Finnriver Journal

... As the world around us slowly begins to awaken from the deep slumber of the winter months, the release of Finnriver’s seasonal Honey Meadow cider reminds us that spring is on the horizon.

The Return of Spring

Mar 1, 2020

As the world around us slowly begins to awaken from the deep slumber of the winter months, the release of Finnriver’s seasonal Honey Meadow cider reminds us that spring is on the horizon.

Cidermaker Andrew Byers notes, “Honey Meadow speaks directly to the roots, shoots, and blooms of Spring on the Olympic Peninsula. Locally harvested burdock from Midori Farm and dandelion roots are dried and roasted. The roots balance the acidity with their earthy depth and nutty notes and then we add honey to add the floral and herbs to honor the season.” Honey Meadow is fermented on the farm with a select blend of Certified Organic Washington apples, organic Midori Farm burdock root, organic dandelion root wild-harvested from our own organic farm, organic  lemon balm, organic chamomile blossom and Sequim Bee Farm blackberry honey.

Sequim Bee Farm, the source of the luscious honey in the Honey Meadow cider, was created by Buddy and Meg DePew in 2014 and is a small company dedicated to practicing Sustainable bee keeping and providing the community with local, all-natural honey and bee products.  Their love of bees began 25 years ago, when a swarm of bees landed on their truck in Seattle. They called a local beekeeper to remove them and were fascinated by the process.  An interest in honeybees was sparked, but it was not until they moved to the beautiful community of Sequim that they were able to realize their dream.  Sequim Bee Farm is a fellow multiple Good Food Awards recipient.  

Midori Farm, the source of our botanical Burdock root, is a 29-acre organic farm located in the village of Quilcene which grows high quality organic vegetables, garden seedlings and crafts their own traditionally fermented sauerkraut and kimchi from farm grown produce. Their farm is nestled in the Quilcene valley which was created by the Little and Big Quilcene rivers flowing from the Olympic Mountains into pristine Quilcene Bay. This confluence has created a deep and fertile sandy clay loam soil ideal for raising crops. 

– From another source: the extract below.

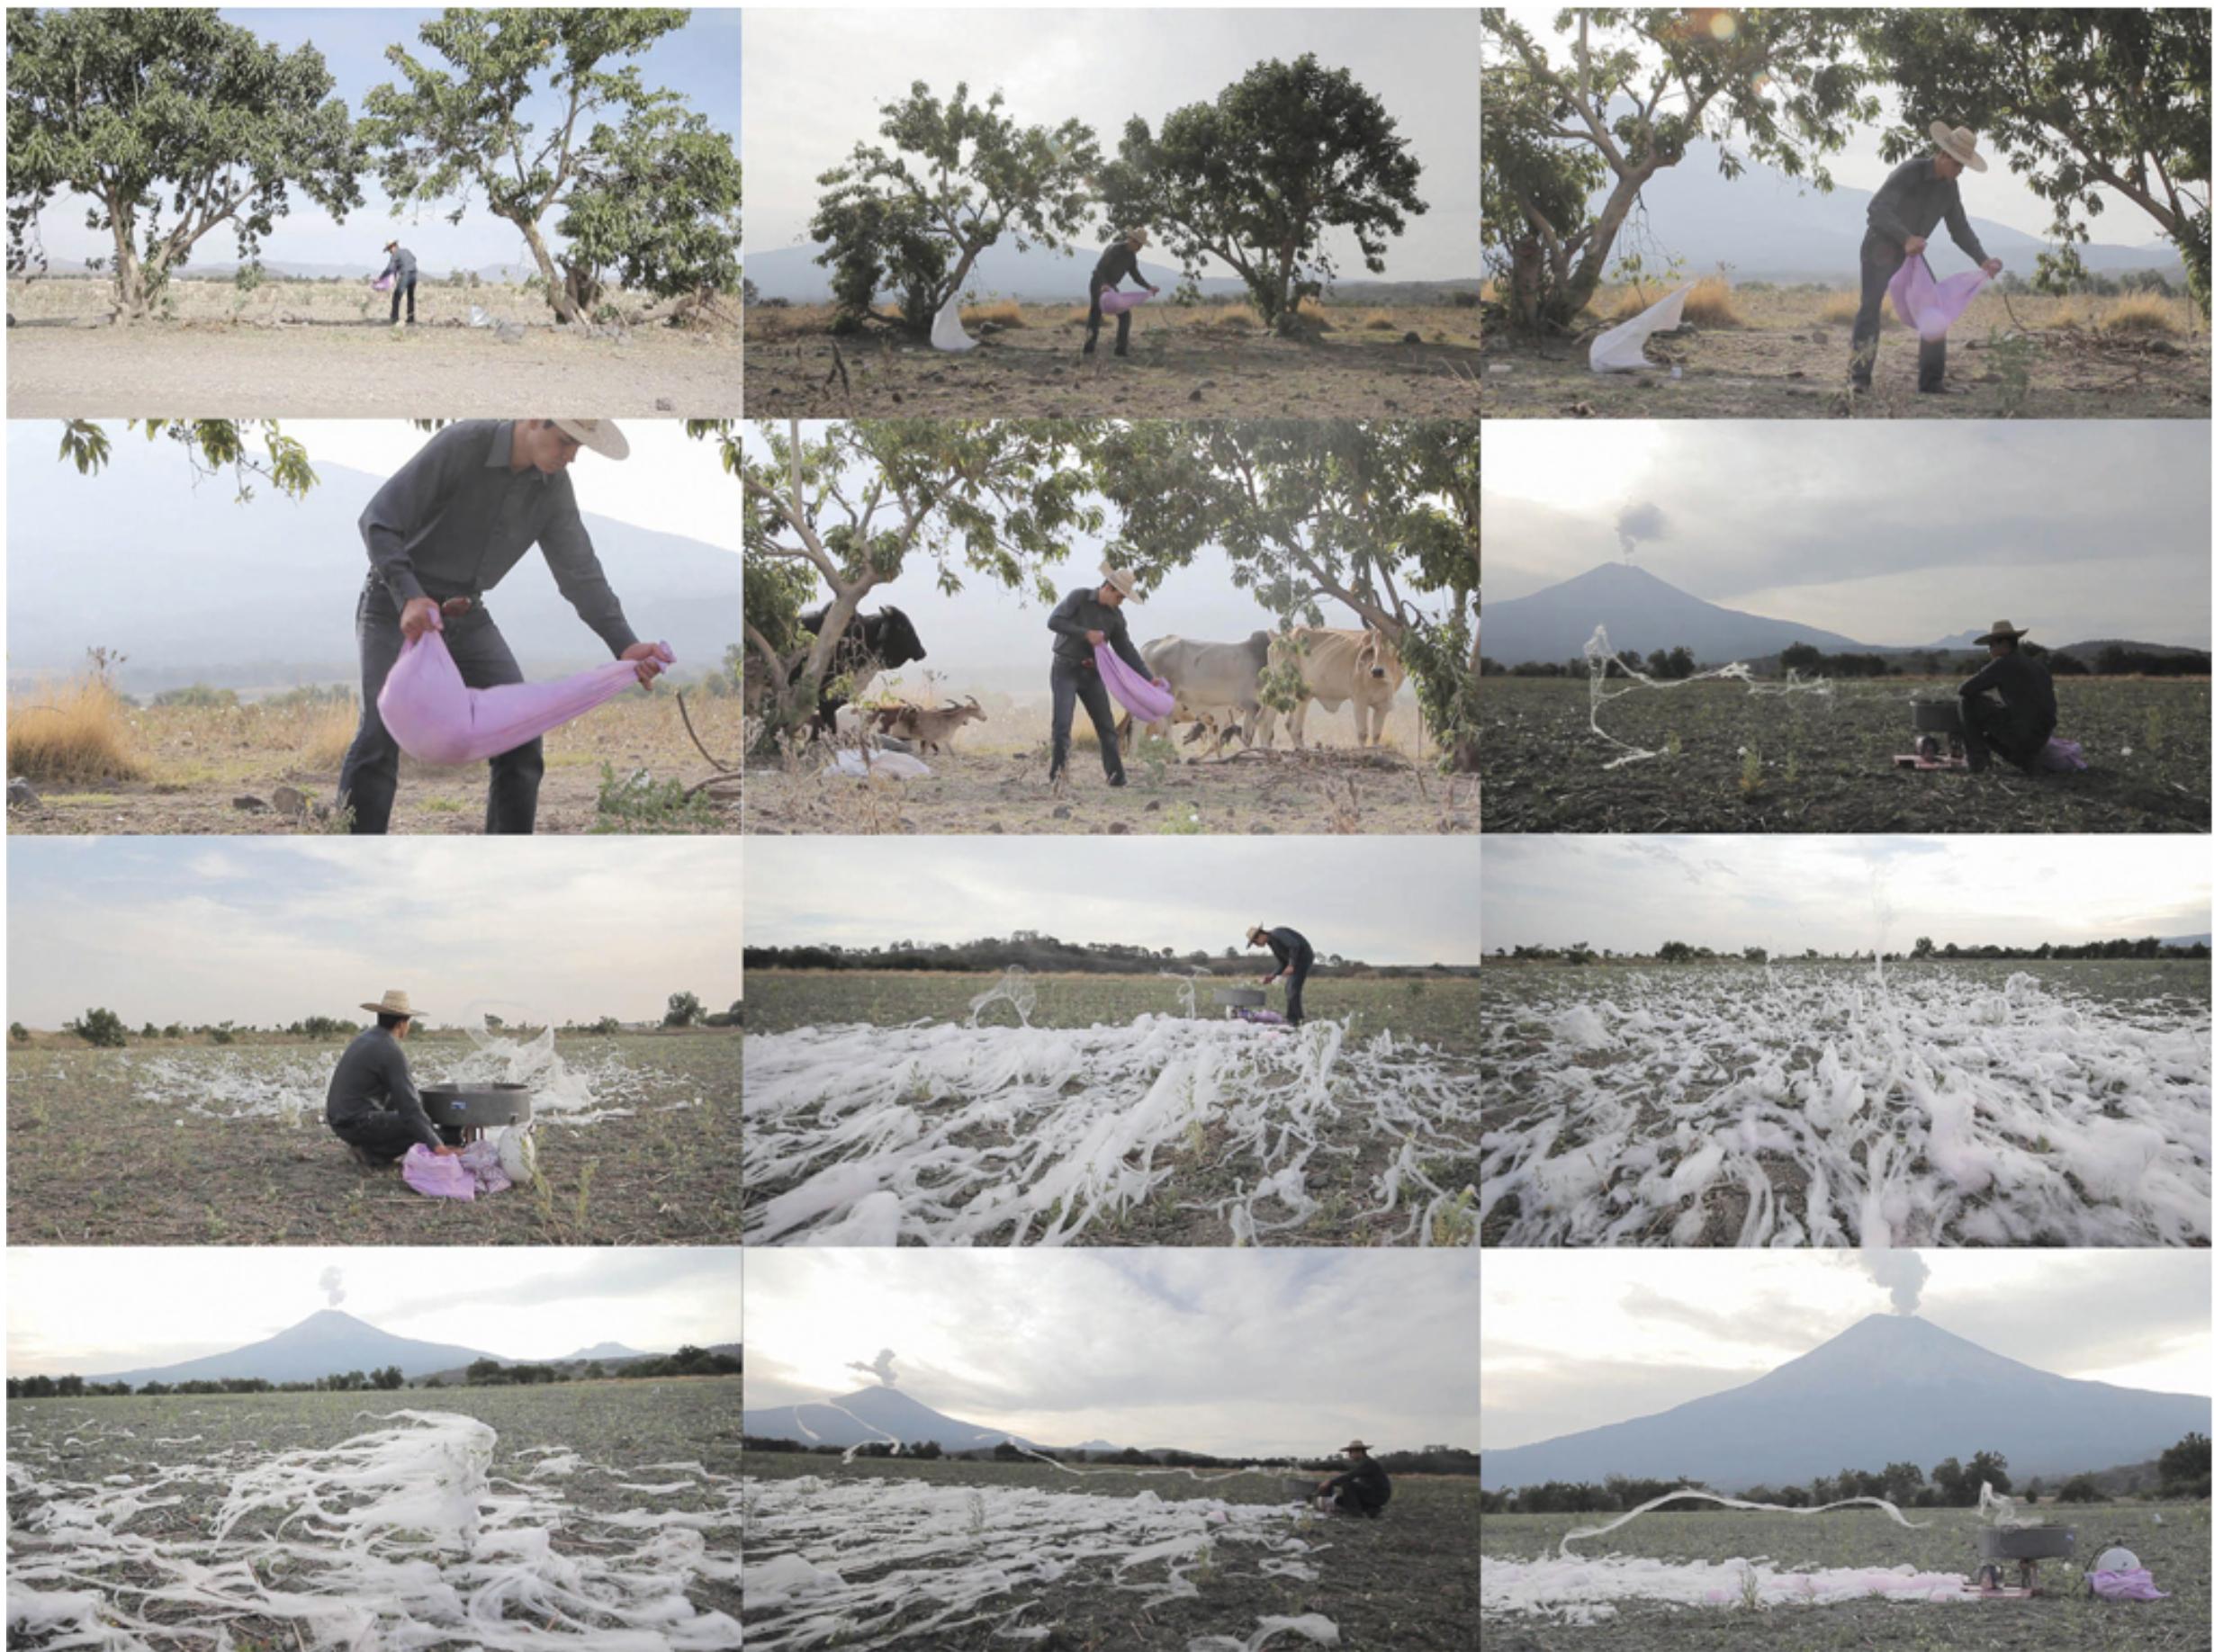 Cerniendo el azúcar (Sifting of sugar), 2012, Video

Burdock is in a genus of plants called Arctium, in the plant family Asteraceae. Native to Europe and Asia, several species have been widely introduced worldwide. The taproot of young burdock plants can be harvested and eaten as a root vegetable. Burdock root is very crisp and has a sweet, mild, or pungent flavor with a little muddy harshness that can be reduced by soaking julienned or shredded roots in water for five to ten minutes.  Interestingly, there is a connection between the burdock plant and the discovery of velcro!

According to Crystie Kisler, one of the farm’s co-founders, this spring seasonal cider was one of the most challenging to develop. “It took Andrew's botanical knowledge and fermenting creativity to put together this delightful convergence of spring ingredients!" 

Honey Meadow will be available for purchase on tap and in bottles at the Cider Garden, as well as released regionally in our distribution territories and sold online.